KeywordsManganese monoxide Nanorods Additive-free synthesis Formation mechanism
During the past decade, manganese oxides have attracted considerable research interest due to their distinctive physical and chemical properties and potential applications in catalysis, ion exchange, molecular adsorption, biosensor, and energy storage [1–12]. Particularly, nanometer-sized manganese oxides are of great significance in that their large specific surface areas and small sizes may bring some novel electrical, magnetic, and catalytic properties different from that of bulky materials. A wide variety of manganese oxides (e.g., MnO2, Mn2O3, and Mn3O4) have been synthesized through various methods [13–24]. Among them, manganese monoxide (MnO) is a model system for theoretical study of the electronic and magnetic properties of rock salt oxides , and its nanoclusters interestingly exhibit ferromagnetic characteristics . On the other hand, MnO is very interesting for its lower charge potential (1.0 V vs. Li/Li+) compared to other transition metal oxides . It has been reported that a relatively high voltage and energy density can be obtained when it was coupled with a certain cathode material to construct a full lithium ion cell .

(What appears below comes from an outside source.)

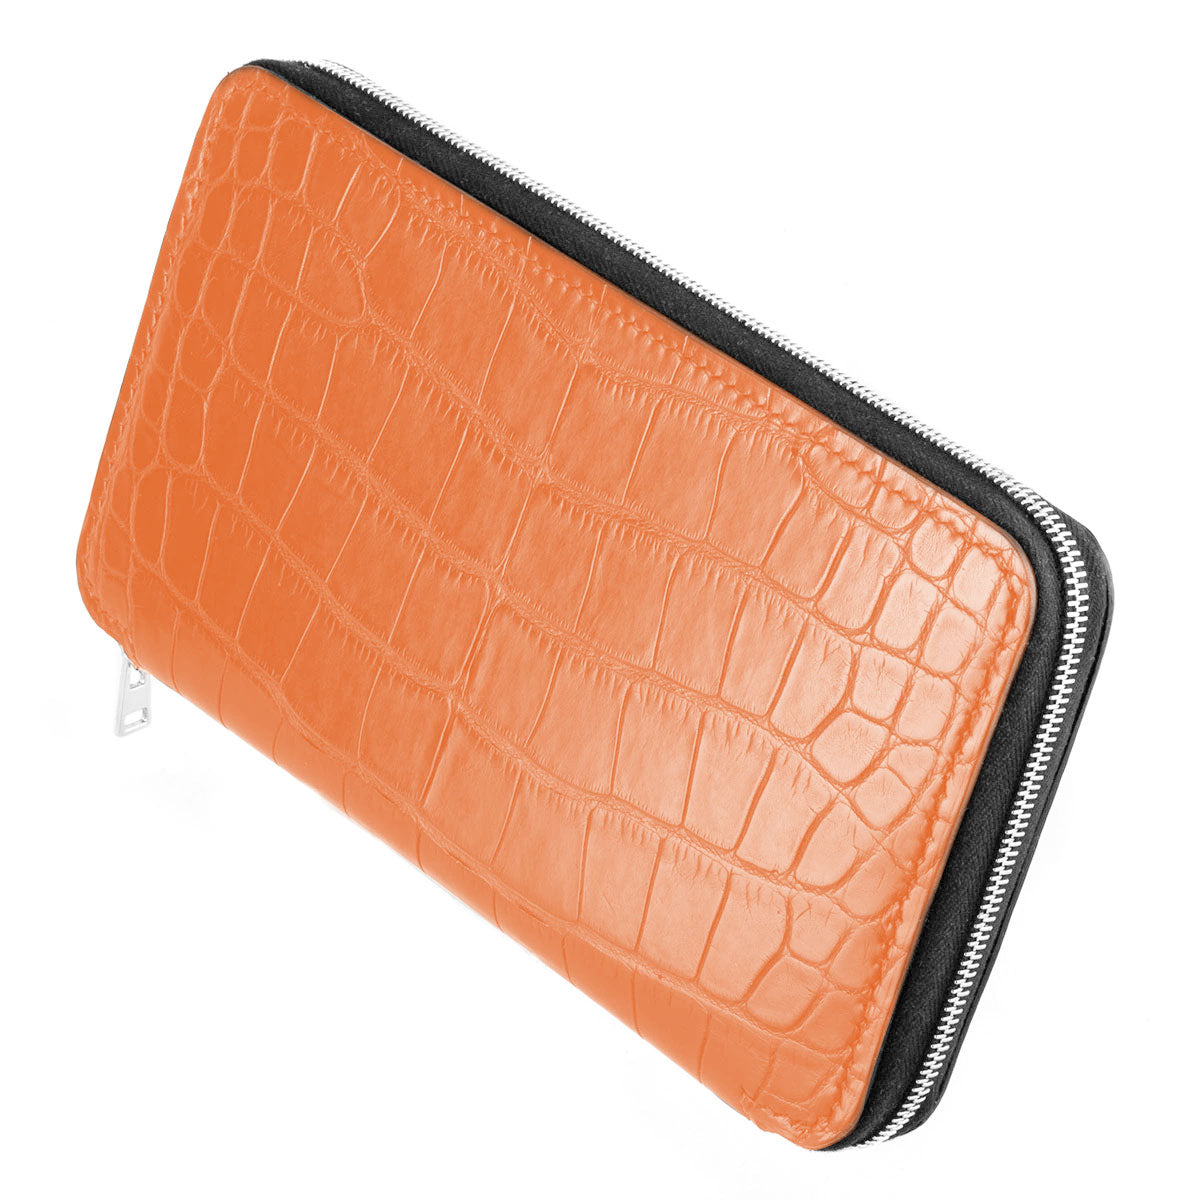 Handmade Himalaya Alligator wallet, Top Quality Alligator leather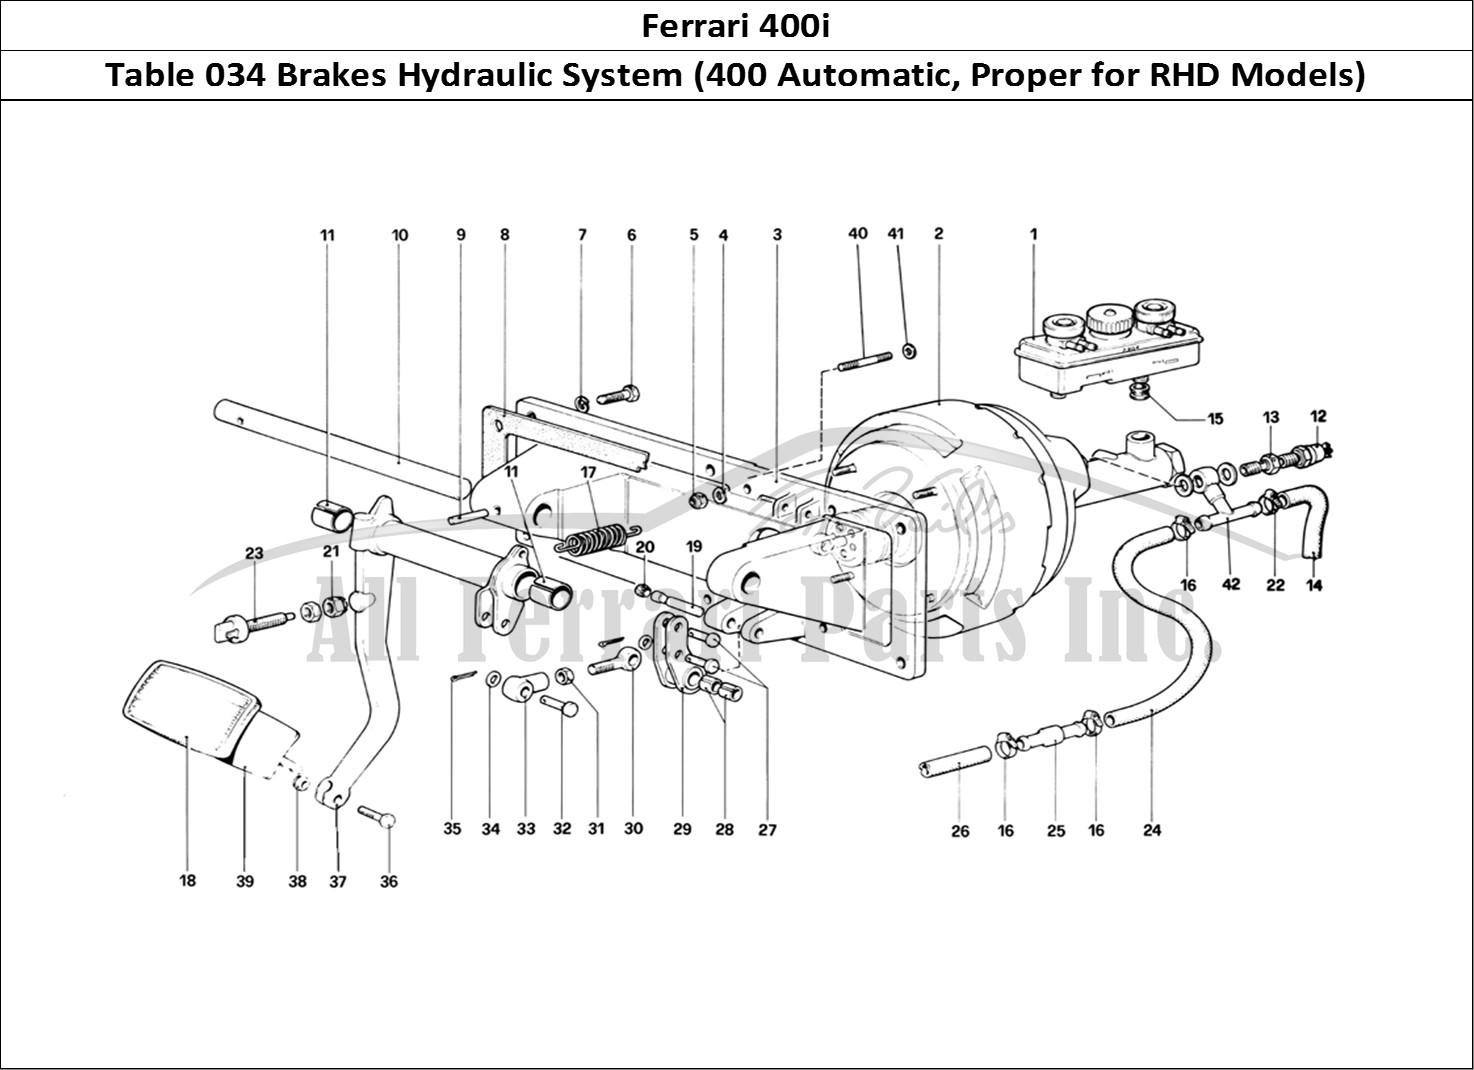 Ferrari Parts Ferrari 400i (1983 Mechanical) Page 034 Brakes Hydraulic Controll

In terms of the synthesis methods of MnO, several approaches have been developed to prepare nanostructured MnO with different morphologies [28–42], such as hydrothermal reactions and subsequent annealing , thermal decomposition of Mn-containing organometallic compounds [29–32], thermal decomposition of MnCO3 precursor [33, 34], vapor-phase deposition , etc. More recently, Lin et al. reported a simple one-pot synthesis of monodispersed MnO nanoparticles (NPs) using bulk MnO as the starting material and oleic acid as solvent . Sun et al. reported a microwave-polyol process to synthesize disk-like Mn complex precursor that was topotactically converted into porous C-modified MnO disks by post-heating treatment . However, these methods are often associated with the use of high-toxicity, environmentally harmful, and high-cost organic additives. Moreover, the by-products may have a detrimental effect on the size, shape, and phase purity of the MnO NPs obtained. It still remains a major challenge to prepare high-quality monophase MnO NPs due to the uncontrollable phase transformation of multivalent manganese oxides (MnO2, Mn2O3, and Mn3O4).
In the present work, we report a simple, cost-effective, and additive-free method for the synthesis of uniform MnO nanorods with large specific surface area, in which cheap manganese acetate and ethanol were used as starting materials. The microstructures of the as-synthesized products were investigated using scanning electron microscopy (SEM) and transmission electron microscope (TEM). The as-synthesized MnO nanorods present a mesoporous characteristic and large specific surface area. More importantly, we have avoided the use of expensive polymer or surfactant additives during the synthesis process. The possible formation mechanism for MnO nanorods in the absence of polymer additives was also discussed.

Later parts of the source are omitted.